Of the more than 250 prostitutes who have come through the McLeod program since it started seven years ago, some of women and girls who worked for the Howards were the most victimized that Kleiser has ever seen, she says.
According to witnesses and investigators, Tracy Howard's formula for "turning out" women involved initially forcing them to "do" 10 to 15 Mexicans in an evening for $20 a pop. Girls who worked their way up to the escort service could have sex for $200 a session with just a few higher class men an evening, some of whom lived in Charlotte's ritzier suburbs. But if they misbehaved or upset a client, they could be dropped off at a low-end Hispanic apartment complex, where Tracy Howard would sometimes go door to door looking for customers. Other times, they'd see his car pull in and line up in the parking lot. He let them know it was okay to hit the girls he dropped off if they didn't comply.
One 16-year-old girl testified that she was taken to "do Mexicans" the first time she prostituted herself.
She says Tracy Howard had let the first customer know that he could hit the girl if there were any problems, and when she panicked and tried to back out, Tracy Howard told the man, "No fucky, fucky." The man promptly smashed his fist into the girl's face.
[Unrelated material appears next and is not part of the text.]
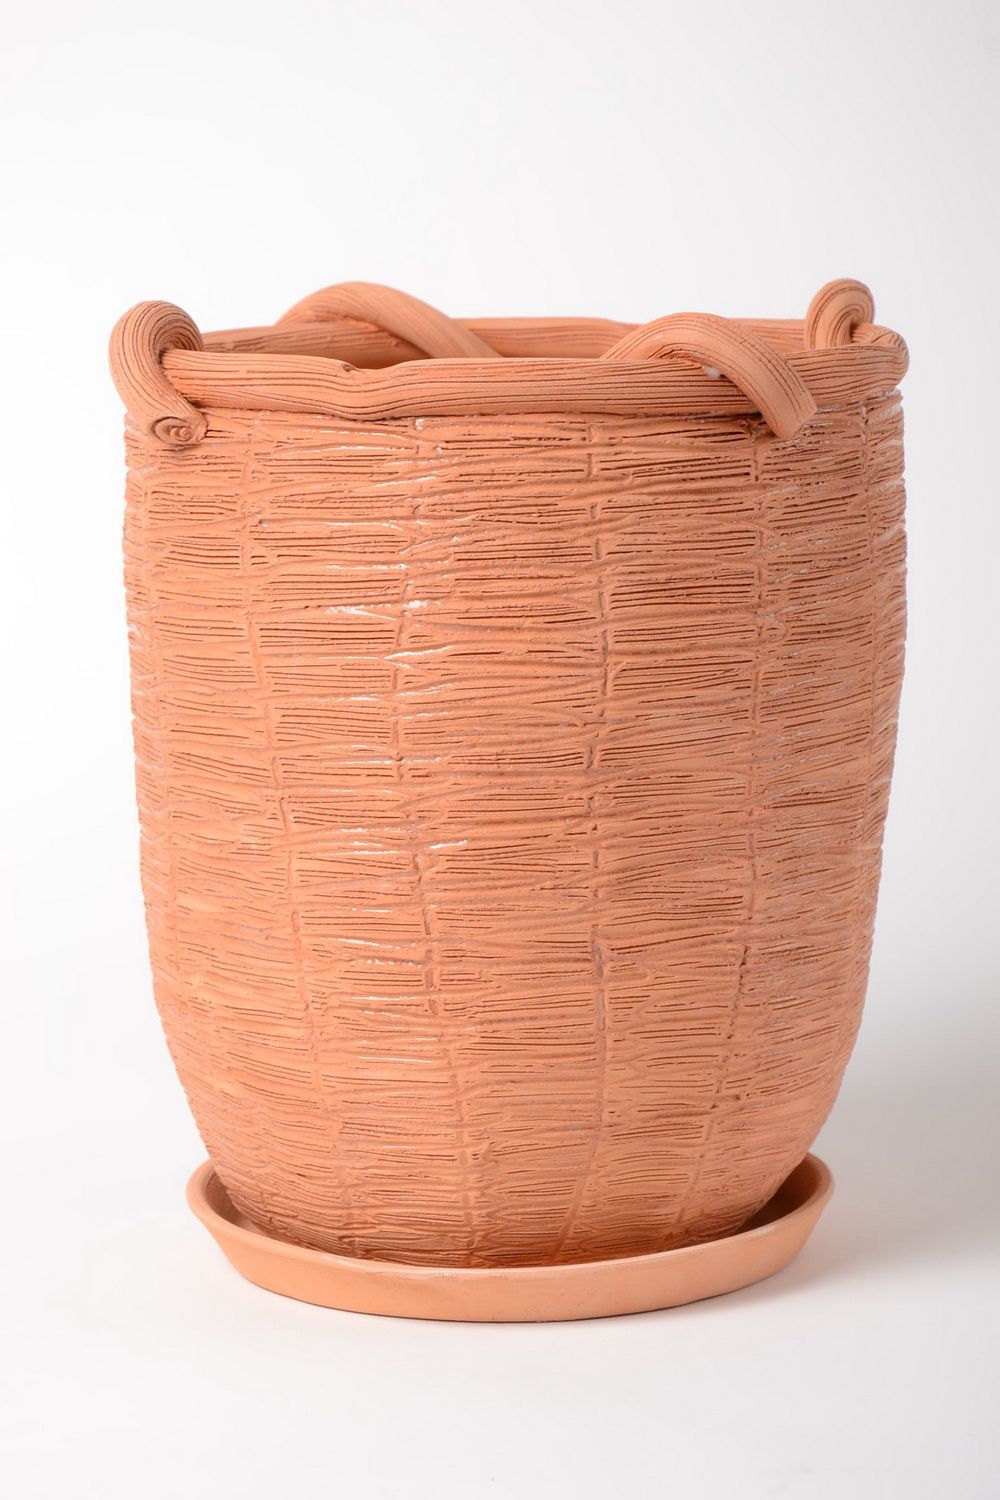 Handmade plant pot ceramic planter gift ideas for housewarming home decor photo 2

"I felt like I had to do it," she says. "It was either I have sex and feel disgusting or get my ass whooped by two men."
In her testimony, one of the older prostitutes, a heroin addict in her 20s who had attended college, explained that she was allowed to work the escort service because she could "make conversation with men."
But many of the younger girls couldn't, so to make they money the Howards demanded of them, they had to have sex with up to a dozen men in an evening. One 14-year-old was repeatedly sent to do Mexicans, she says.
The Howards also used the girls to cook, bag and deliver drugs for them, according to court testimony.
Charlotte-Mecklenburg police officers say they stumbled upon the ring by accident after one of the girls who was badly beaten filed charges against Tracy Howard and told detectives that he and his family were prostituting underaged girls.
Police say that even they were taken by surprise by the age of the girls and the brutality of the groups' operating practices.
"We had never seen anything like that before," says Charlotte-Mecklenburg Police Detective Scott Maxfield.